*** Supplied data ***

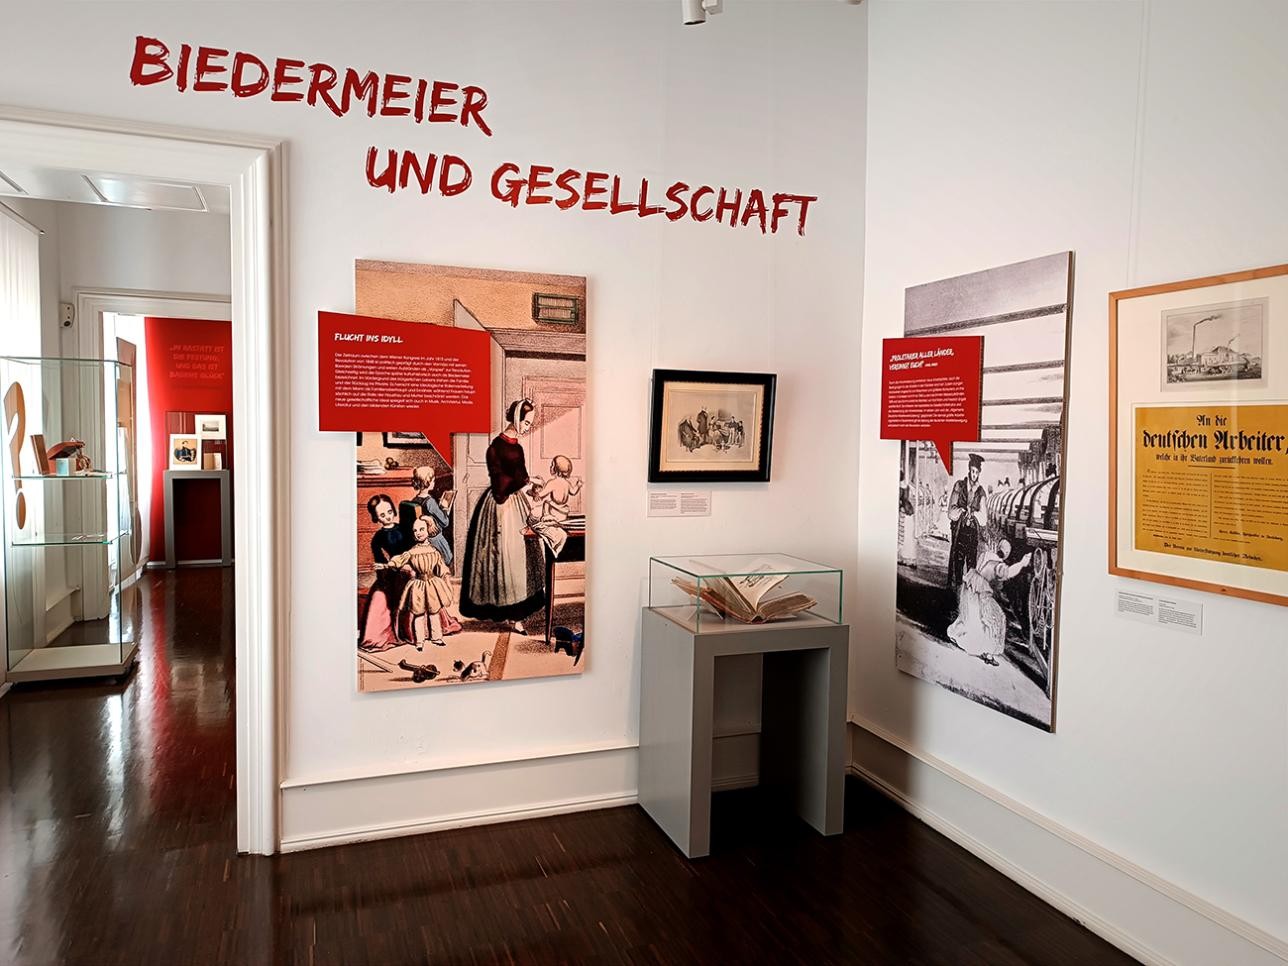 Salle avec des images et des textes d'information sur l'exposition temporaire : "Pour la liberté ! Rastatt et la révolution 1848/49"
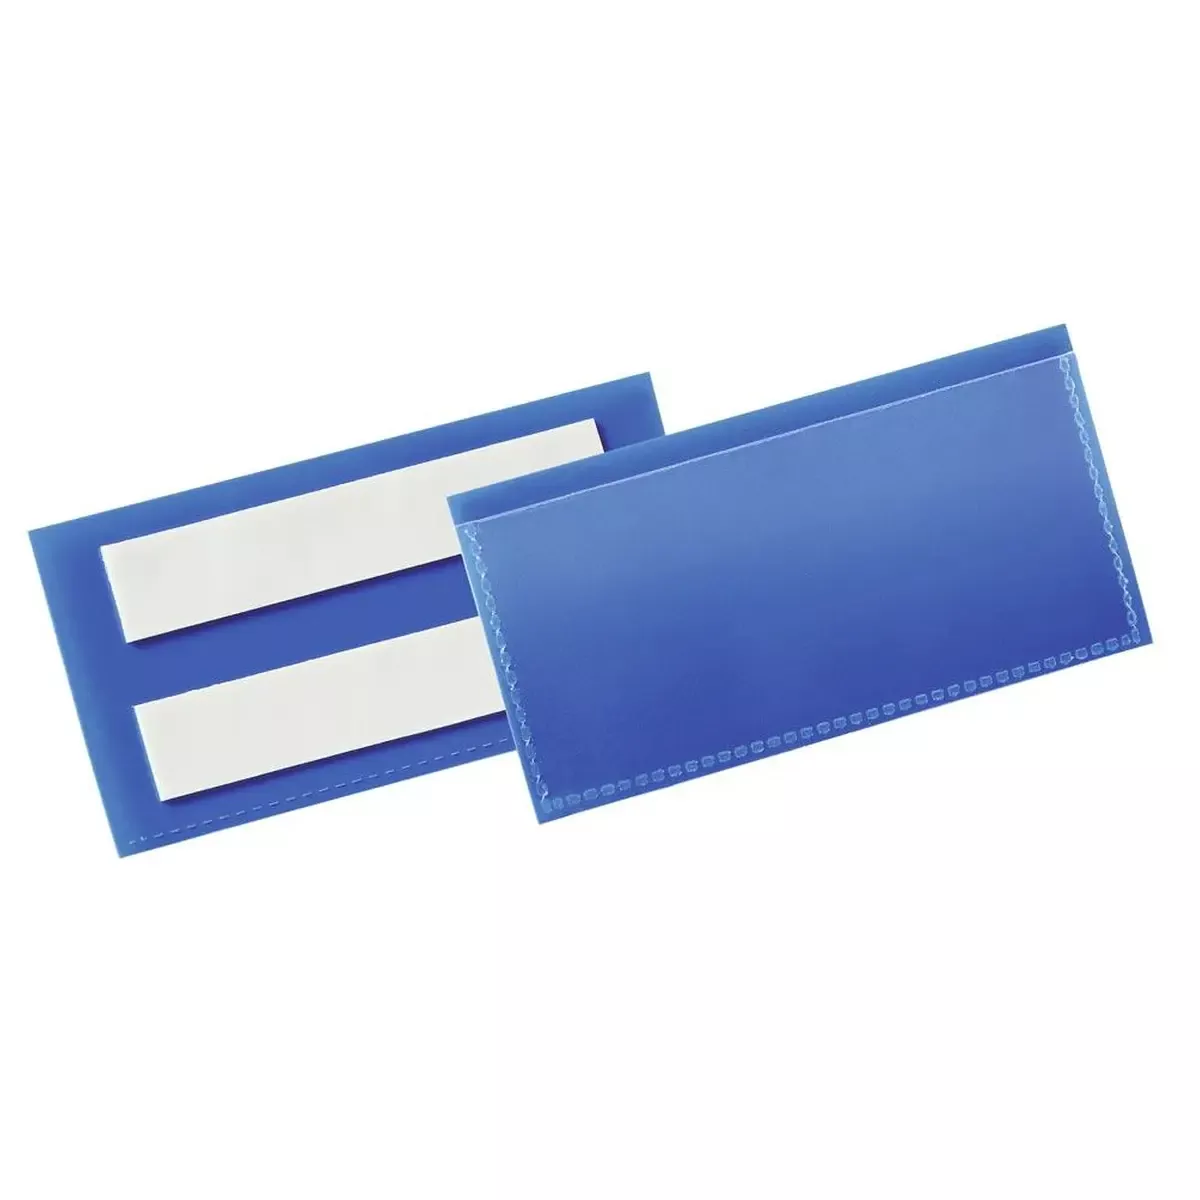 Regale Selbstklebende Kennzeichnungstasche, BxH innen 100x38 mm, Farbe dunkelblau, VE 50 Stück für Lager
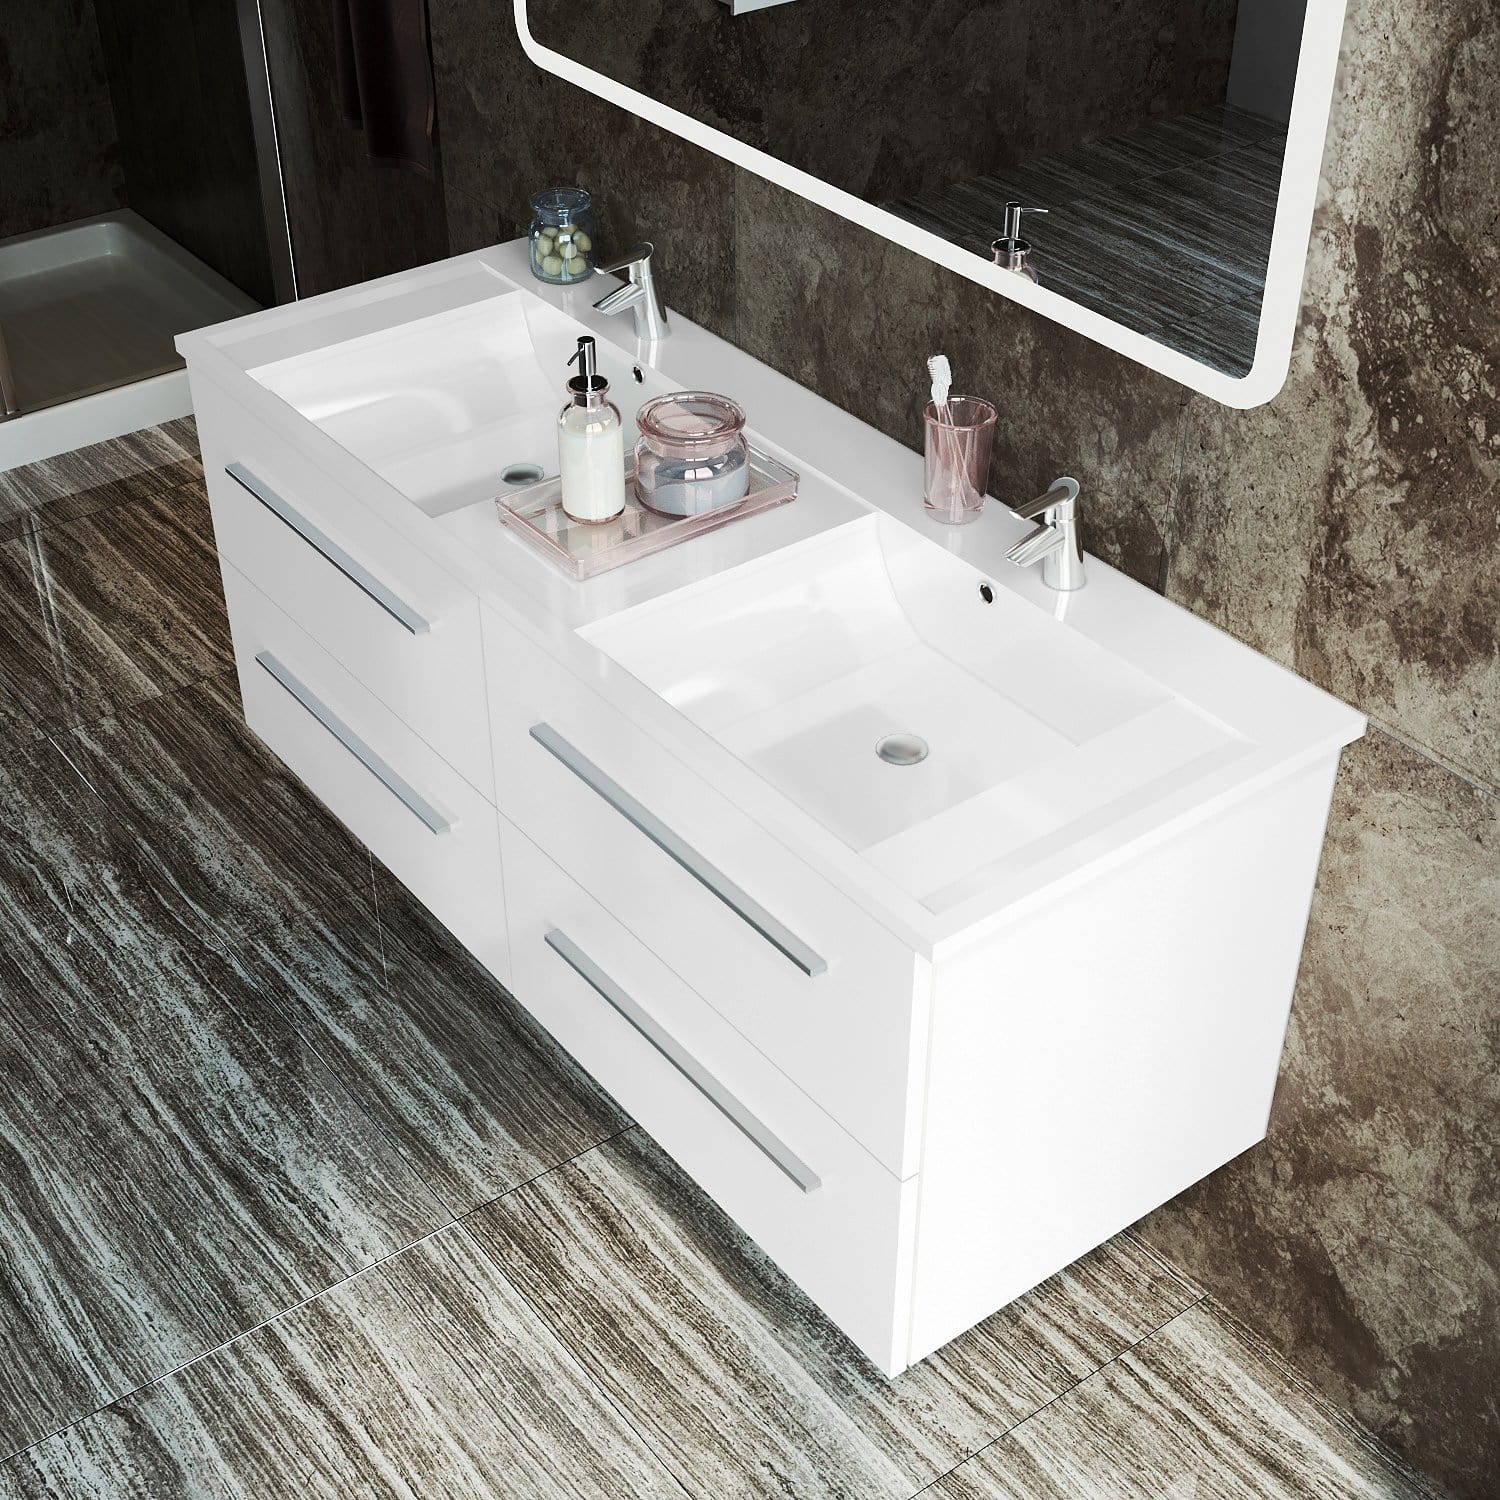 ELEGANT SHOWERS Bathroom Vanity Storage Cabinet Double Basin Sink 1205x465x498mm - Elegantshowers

*** End of Supplied data ***
*** Supplied data ***

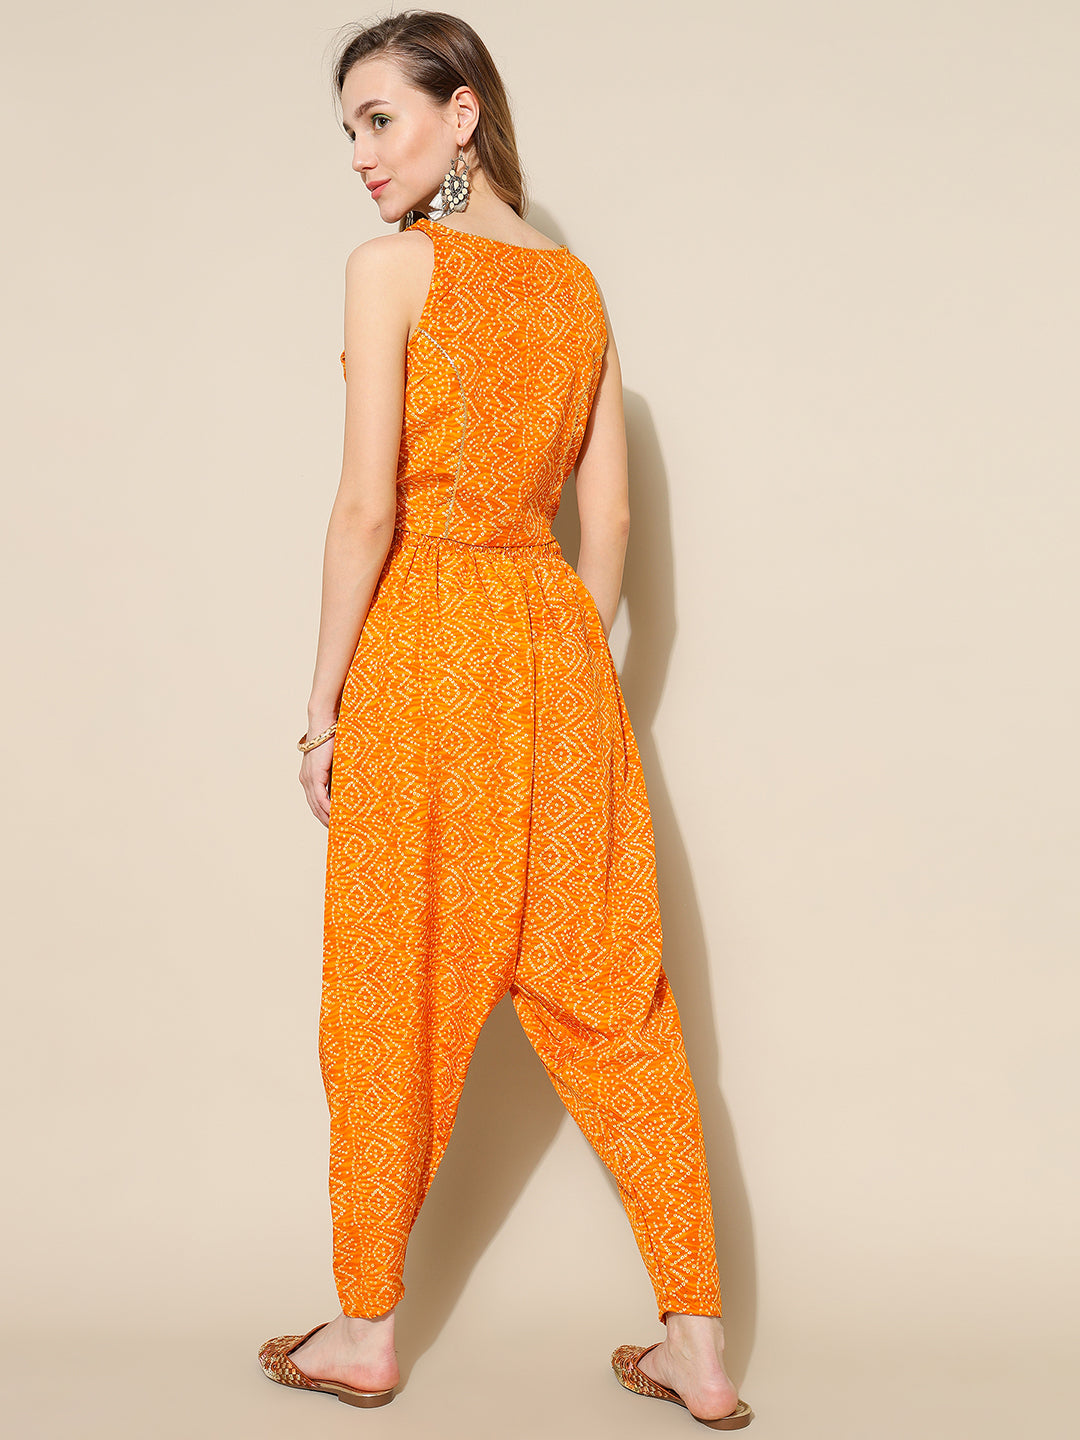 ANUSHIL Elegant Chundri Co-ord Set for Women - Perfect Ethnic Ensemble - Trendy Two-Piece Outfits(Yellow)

*** End of Supplied data ***

Pictures aside, print exactly the lines above starting with the one containing "Regale Selbstklebende Kennzeichnungstasche, BxH" and going on through the one containing "ELEGANT SHOWERS Bathroom".

 Regale Selbstklebende Kennzeichnungstasche, BxH innen 100x38 mm, Farbe dunkelblau, VE 50 Stück für Lager
 ELEGANT SHOWERS Bathroom Vanity Storage Cabinet Double Basin Sink 1205x465x498mm - Elegantshowers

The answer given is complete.